In the not-too-distant future, the inventor of time travel (known only as 'N') is visited by three beautiful, but dangerous-looking, women from the Time Police. They claim to be historians, wishing to record for posterity the story of N's journeys through time with his (now deceased) travelling companion, Bertie. N isn't fooled by this ("If these women worked in the records department, then I felt sorry for any filing cabinets which happened to get in their way"), but has no option other than to play along for the time being. What follows is the tale of a romp through history, with all the twists and turns you'd expect (and some you wouldn't). However...

I've been mightily impressed with some of Steve Redwood's short fiction, but, sadly, Who Needs Cleopatra? falls some way short of that standard. This comic novel divides into two distinct sections, the first of which comprises N's accounts of his travels in the past, and the reactions of the women to those accounts. N's journeys were funded by a company called Chronotech, aiming to solve various historical mysteries (such as the identity of the Mona Lisa, or how Rasputin actually died) and bring back filmed evidence for broadcast on television, and Chronotech's president insisted that his son Bertie should go along - which N was none too happy about.

The journeys themselves are each entertaining enough; the trouble is, some of the humour grates. Particularly annoying are the two tramps N meets in every period, and who refuse to give a straight answer to even the simplest question for no good reason. Redwood knows what he's doing, because even N finds the pair irritating; and there's some suggestion of their identity later in the novel - but that doesn't stop them being a pain in the neck.

N himself is also rather obnoxious (again, deliberately so), but he can be funny, whether through observational humour (for instance, "The heckler found himself knocked... to the back of the crowd, where he was righteously stamped on: ours was a peaceful society then, and we wanted to keep it that way"), or the way he constantly denies his own selfishness ("What greater proof of friendship could I have shown than to allow [Bertie] the honour of sacrificing himself for me?"). However, here too, Redwood over-eggs the pudding: for example, N frequently cracks jokes about how much Bertie smells. This can be funny once, maybe a few times if it's done inventively; but Redwood makes the joke too often, and it loses its impact.
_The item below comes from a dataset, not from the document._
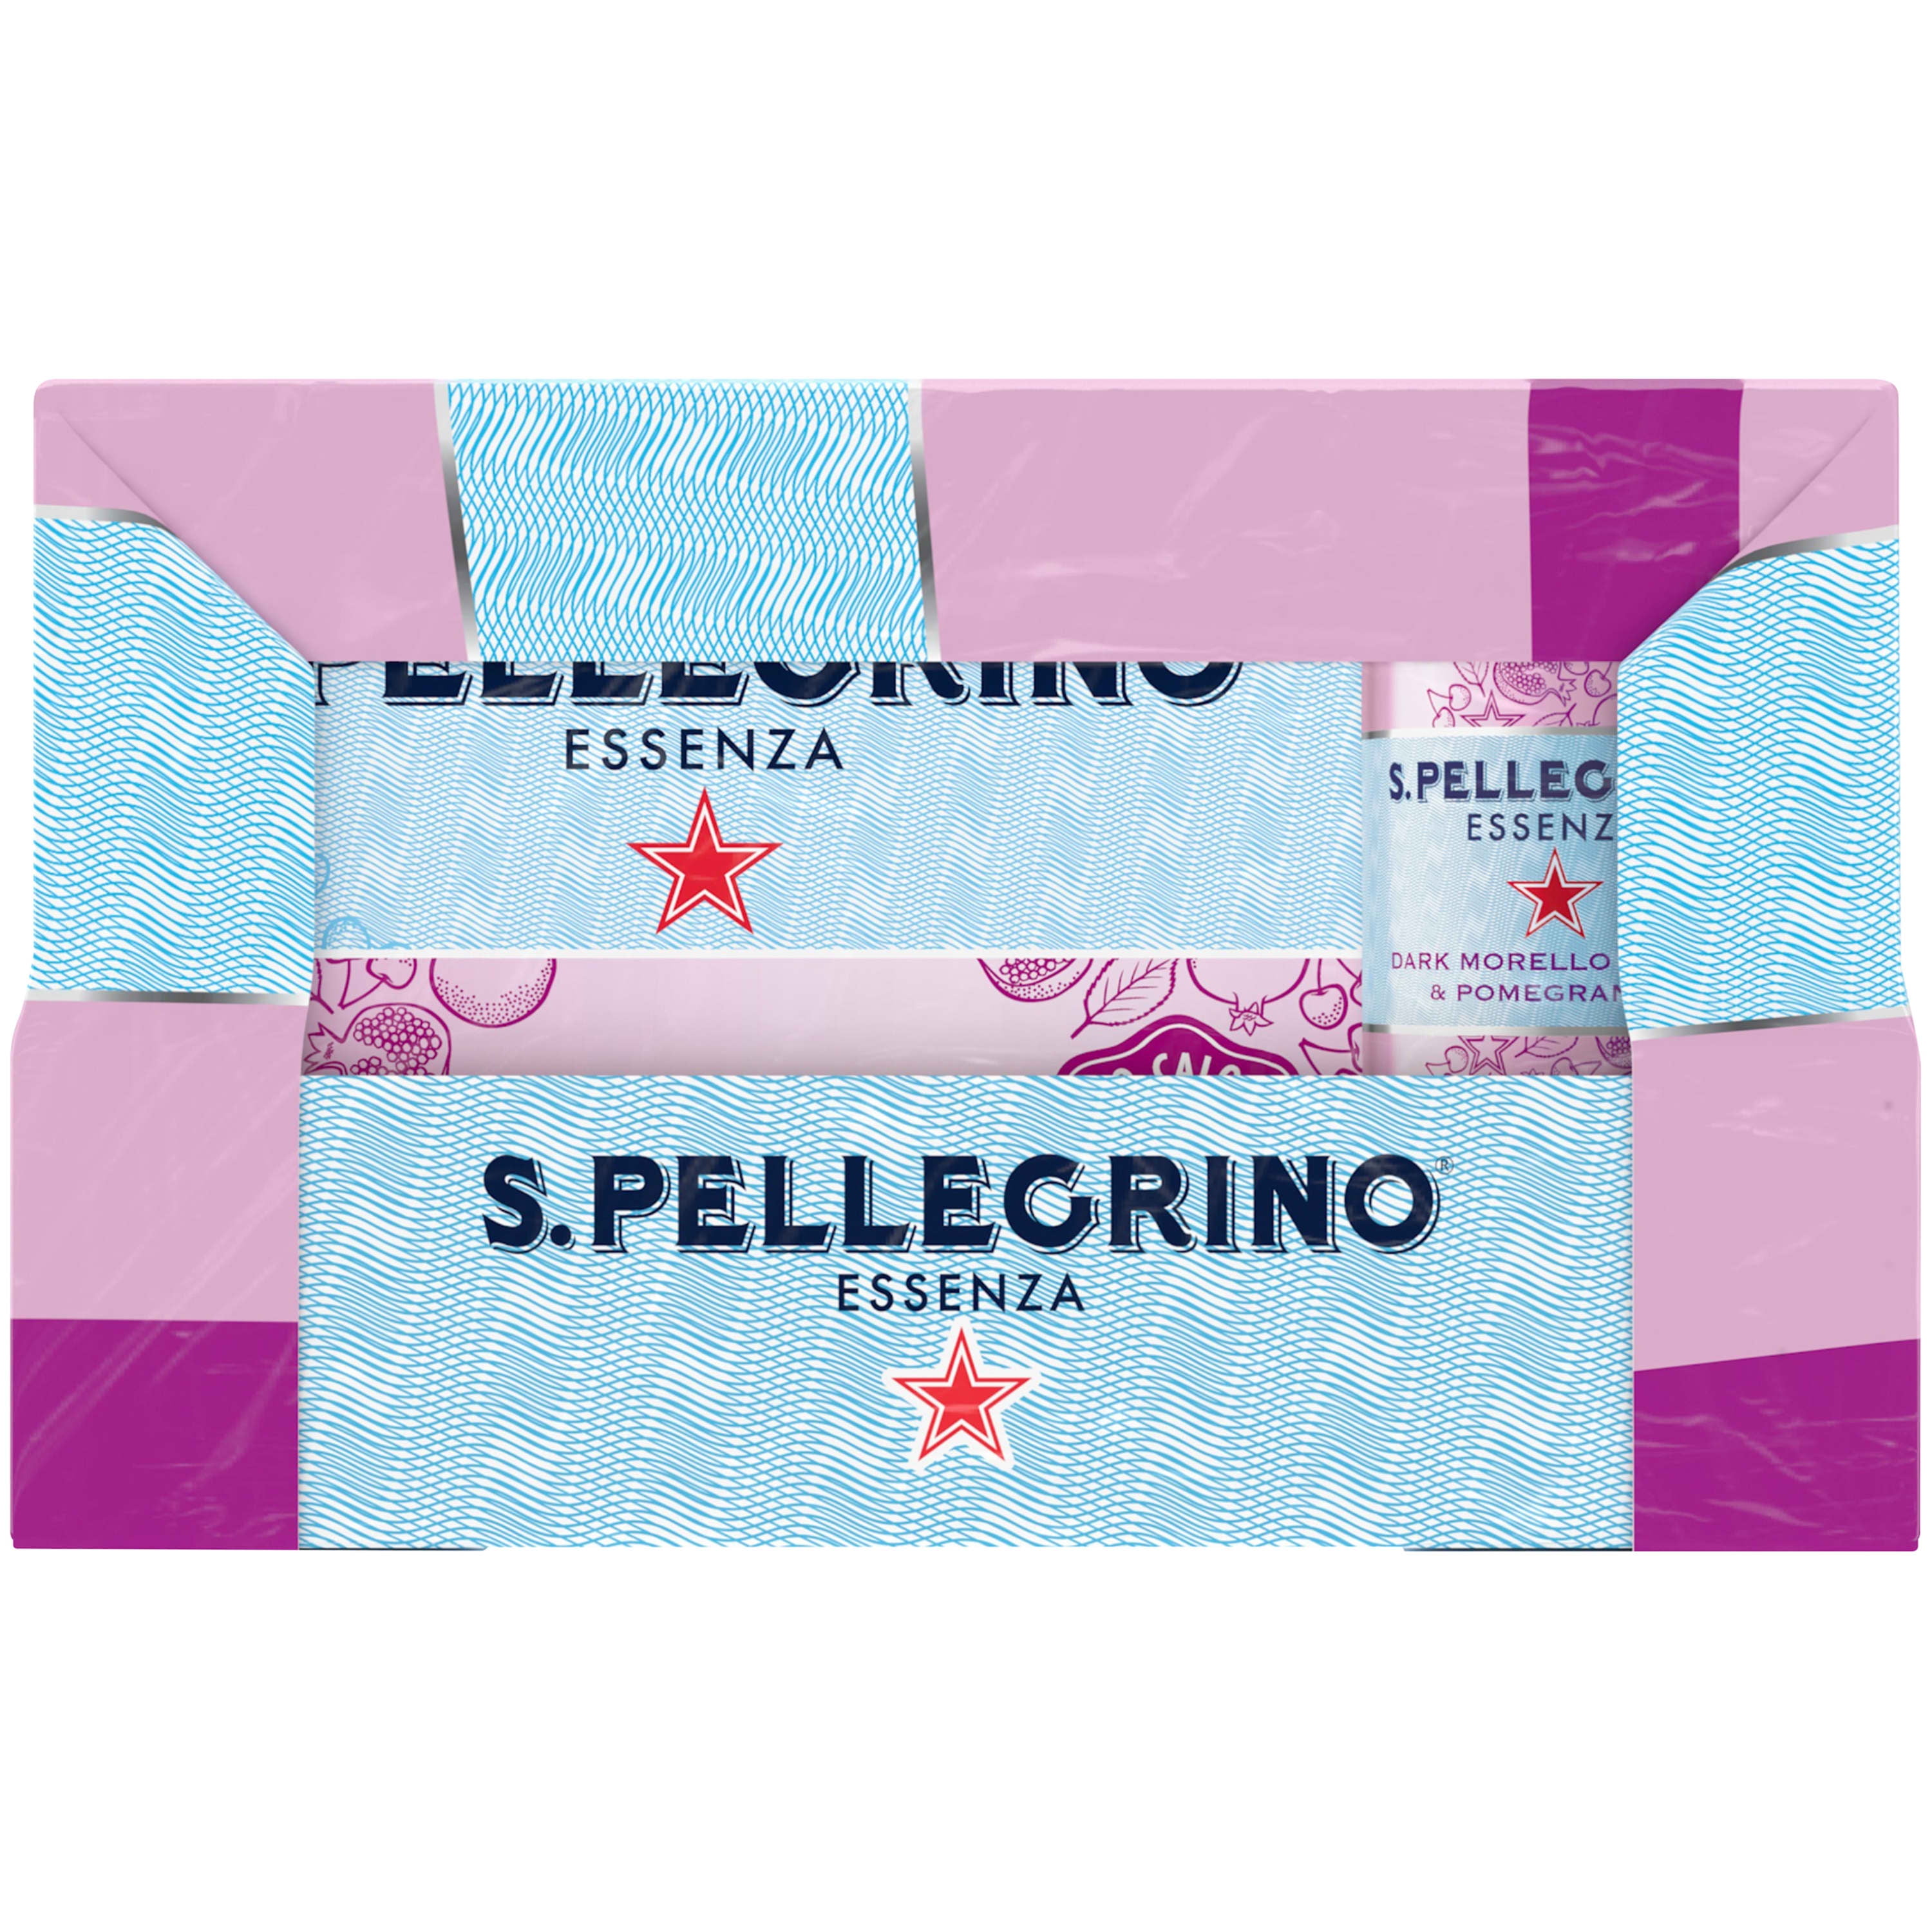 S.Pellegrino Essenza Dark Morello Cherry and Pomegranate Flavored Mineral Water with Natural CO2 Added, 267.6 fl oz - 1

After N finishes recounting his travels, the book changes tack, and another problem comes to light, that of pacing. The three women reveal that (as N suspected) they aren't Time Police historians at all; but N has his own surprises to spring. The novel becomes a whirlwind of action and exposition that tries to squeeze too much into too little space. Now, to be fair on the author, he did plan a sequel to Who Needs Cleopatra? (now to be left unwritten?), which would have expanded on the events of the second half. But, of course, knowing this doesn't lessen the problems evident in the one novel we do have. It's a shame, because a sequel would have been interesting, and the two halves of the present volume don't quite sit comfortably together. Who Needs Cleopatra? has its moments, but it's not nearly as good as some of Steve Redwood's other work - and that is the biggest disappointment of all.